## WORK INSTRUCTION
Repeat all of the data below word for word, keeping no images.

## AVAILABLE DATA
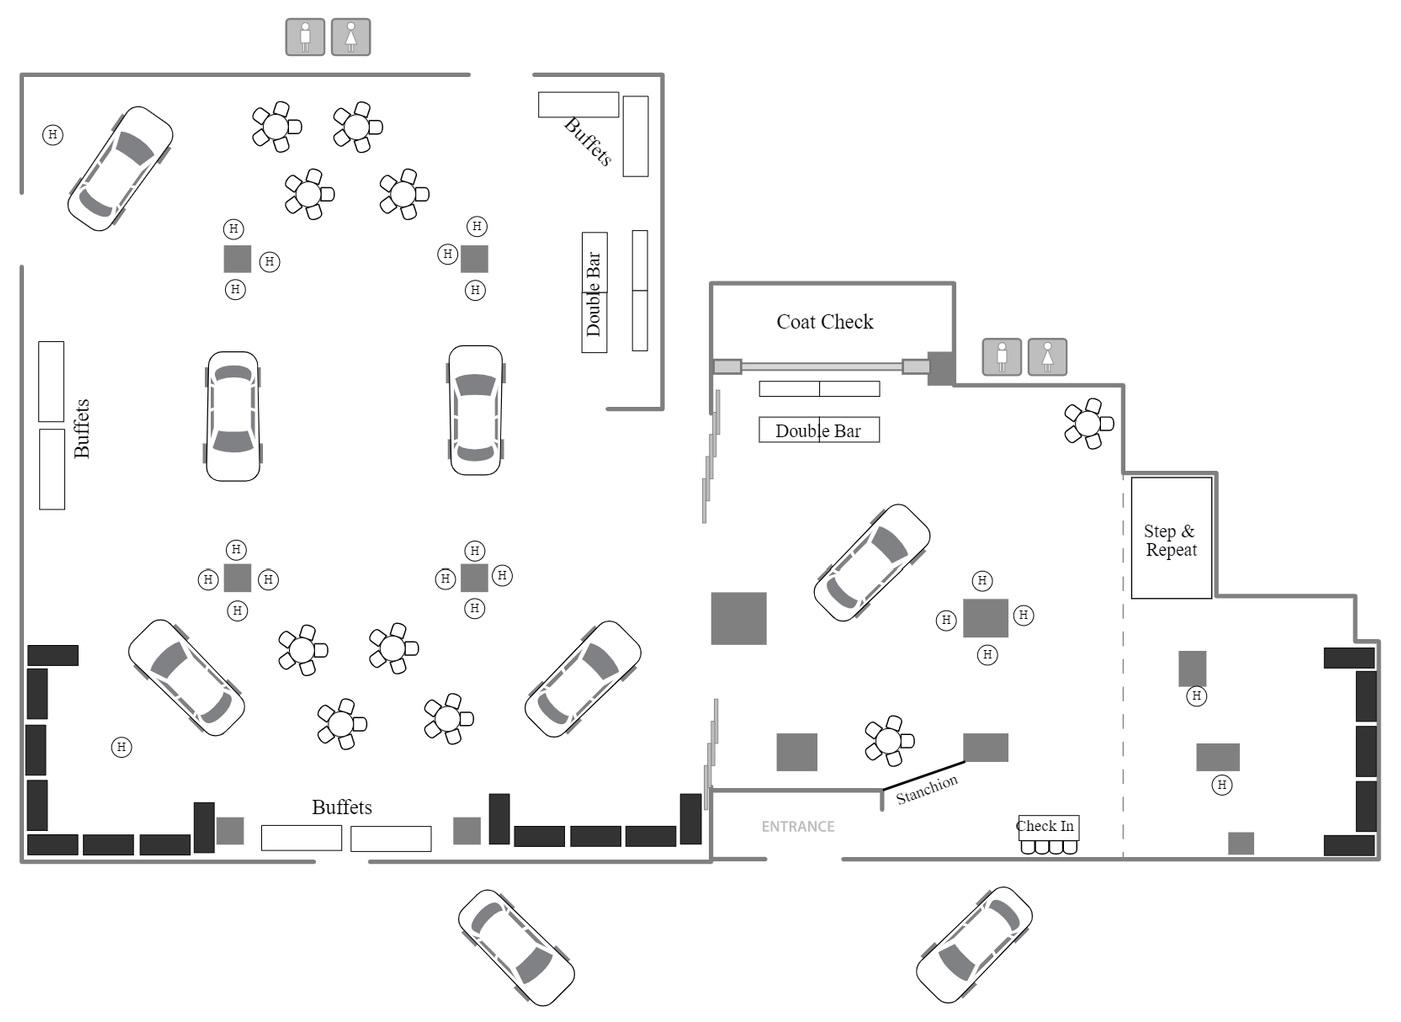 Auto Show Reception Floor Plan
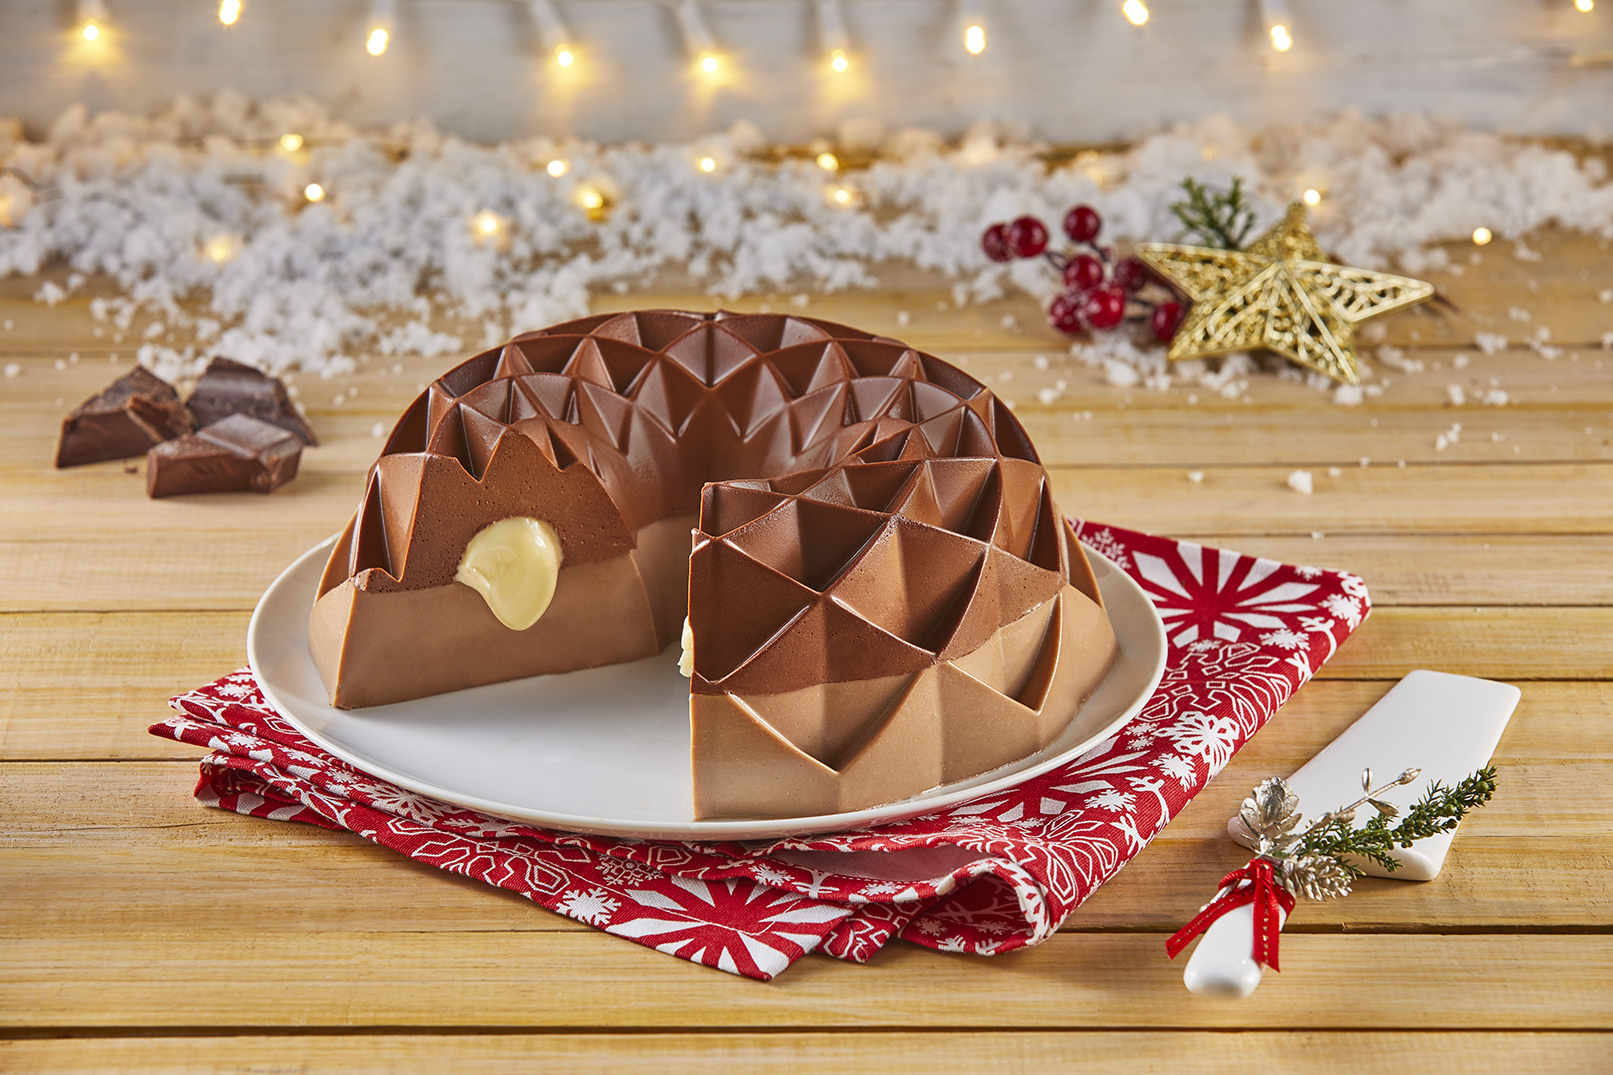 Gelatina rellena de tres chocolates
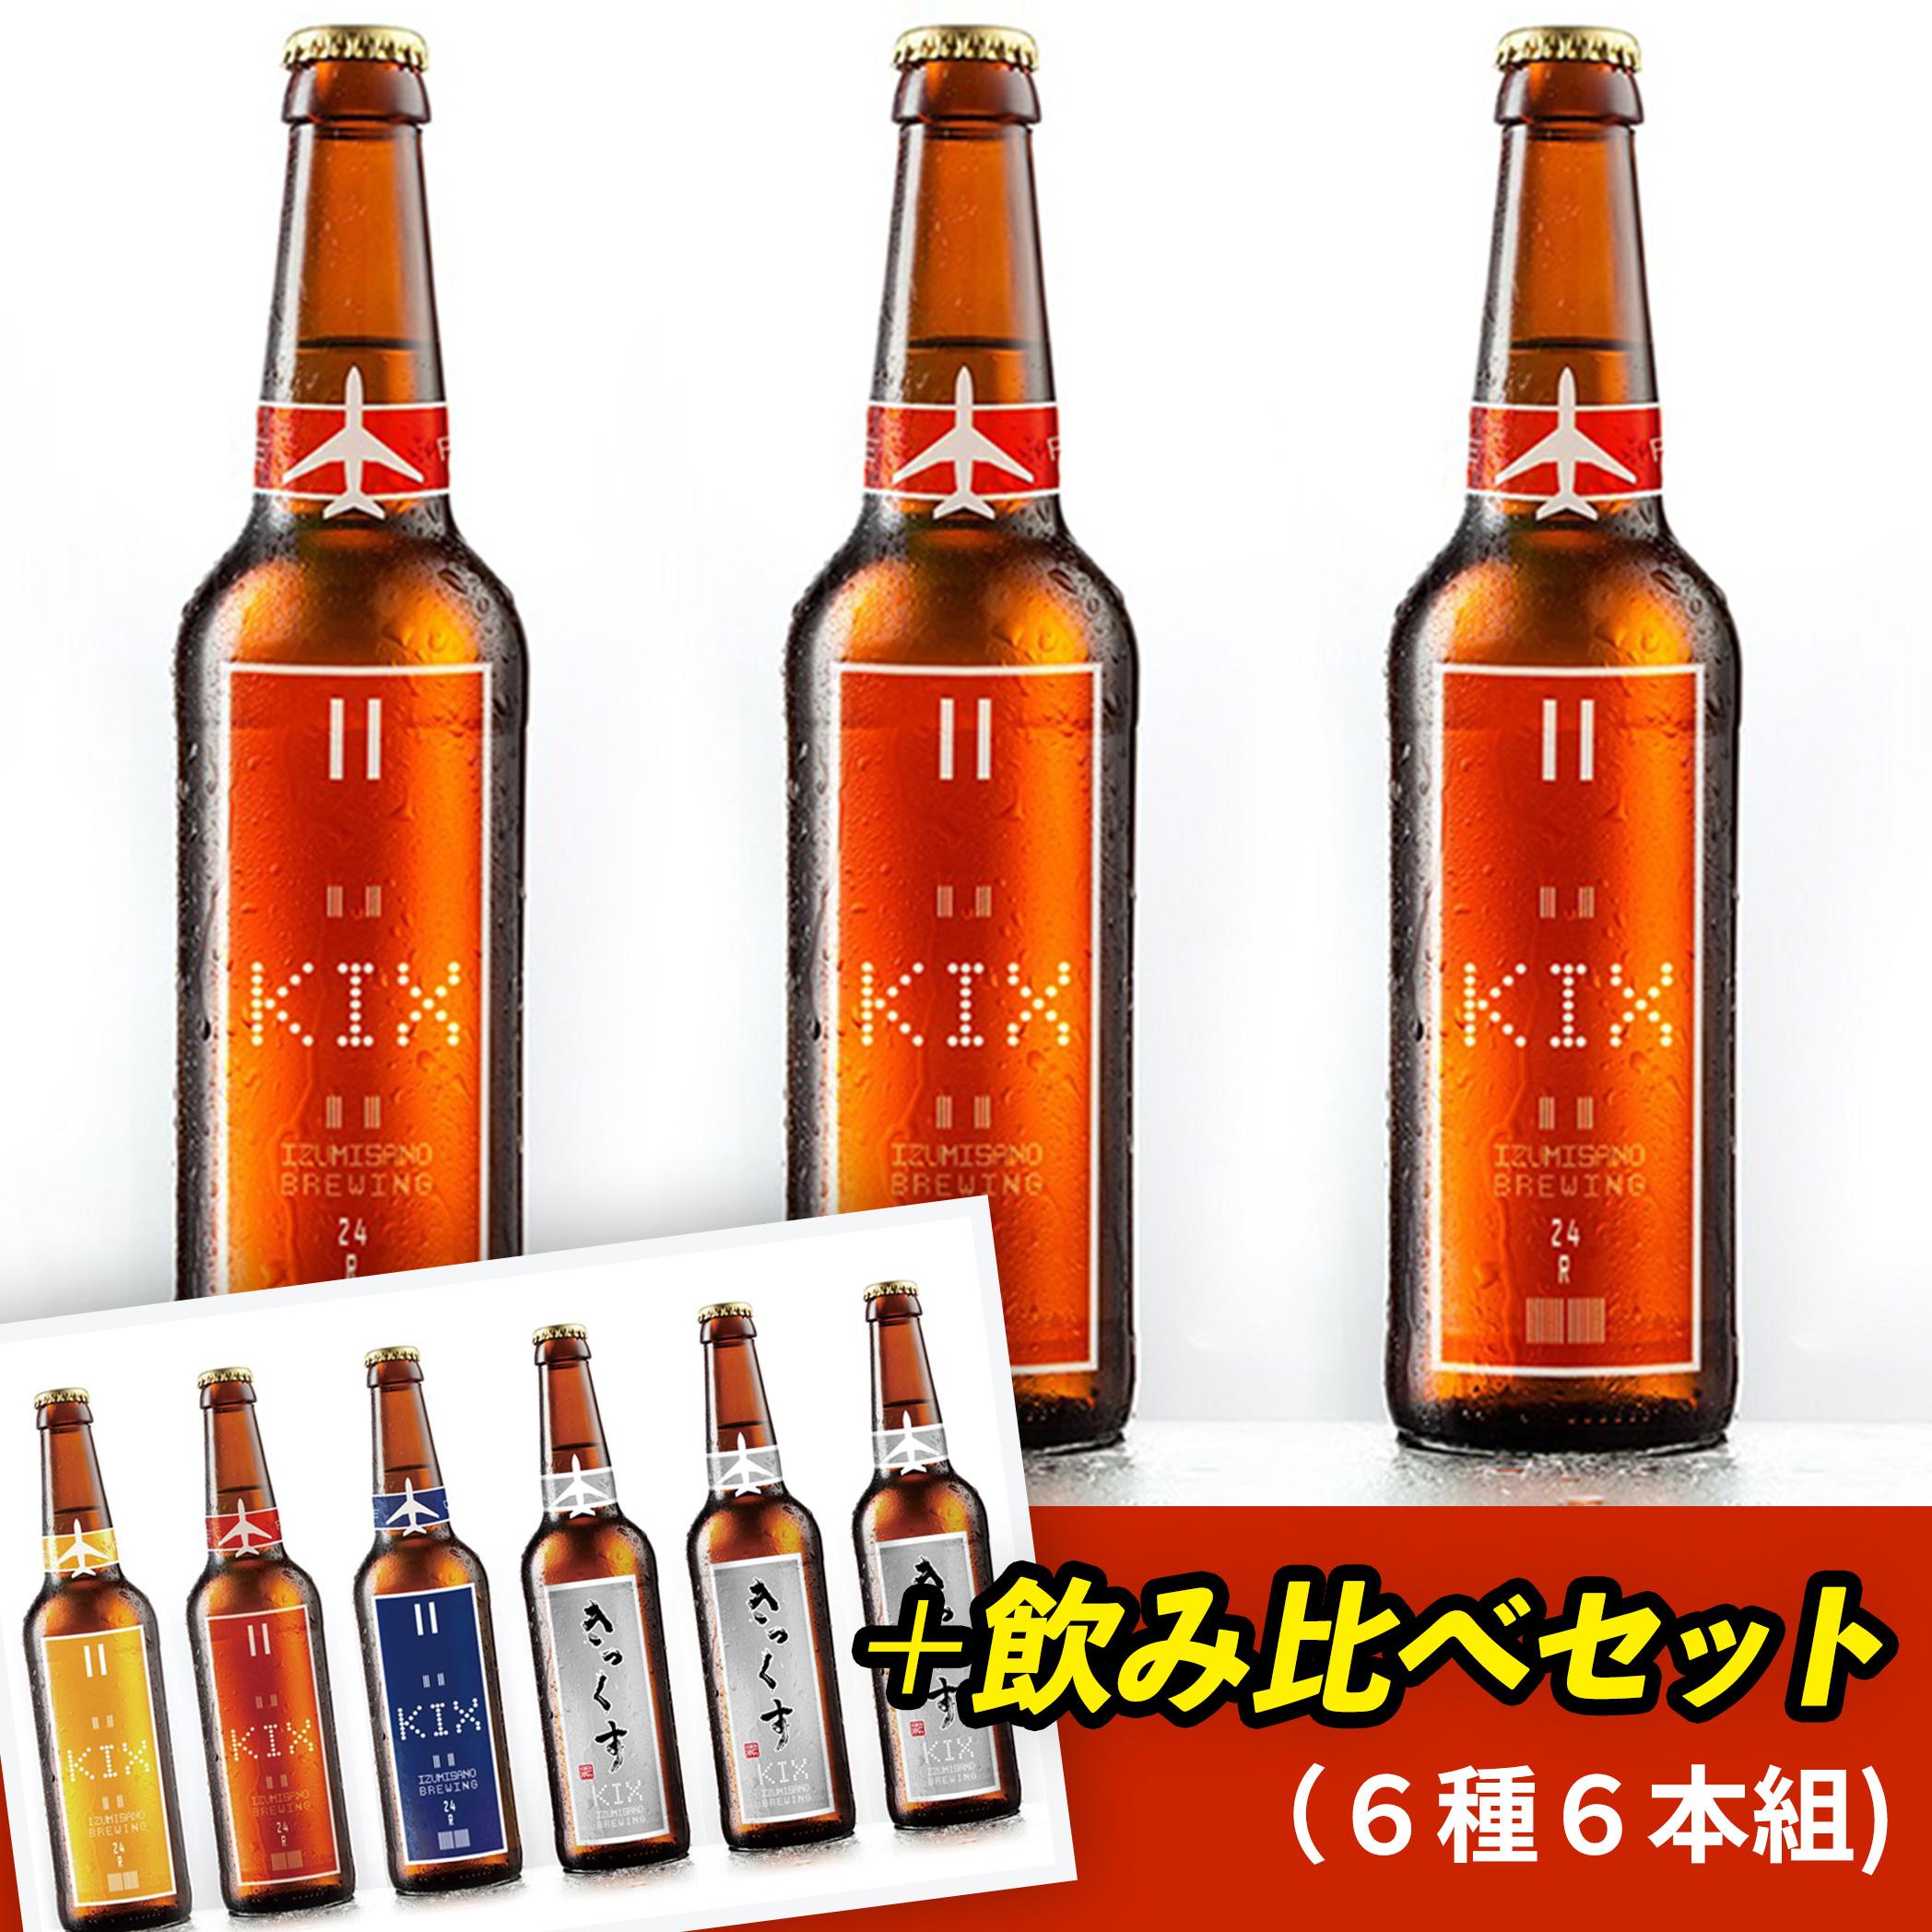 020C091 【期間限定】KIX BEER飲み比べセット18本(アンバーエール12本+6種6本)

## EXERCISE RESPONSE
 Auto Show Reception Floor Plan
 Gelatina rellena de tres chocolates
 020C091 【期間限定】KIX BEER飲み比べセット18本(アンバーエール12本+6種6本)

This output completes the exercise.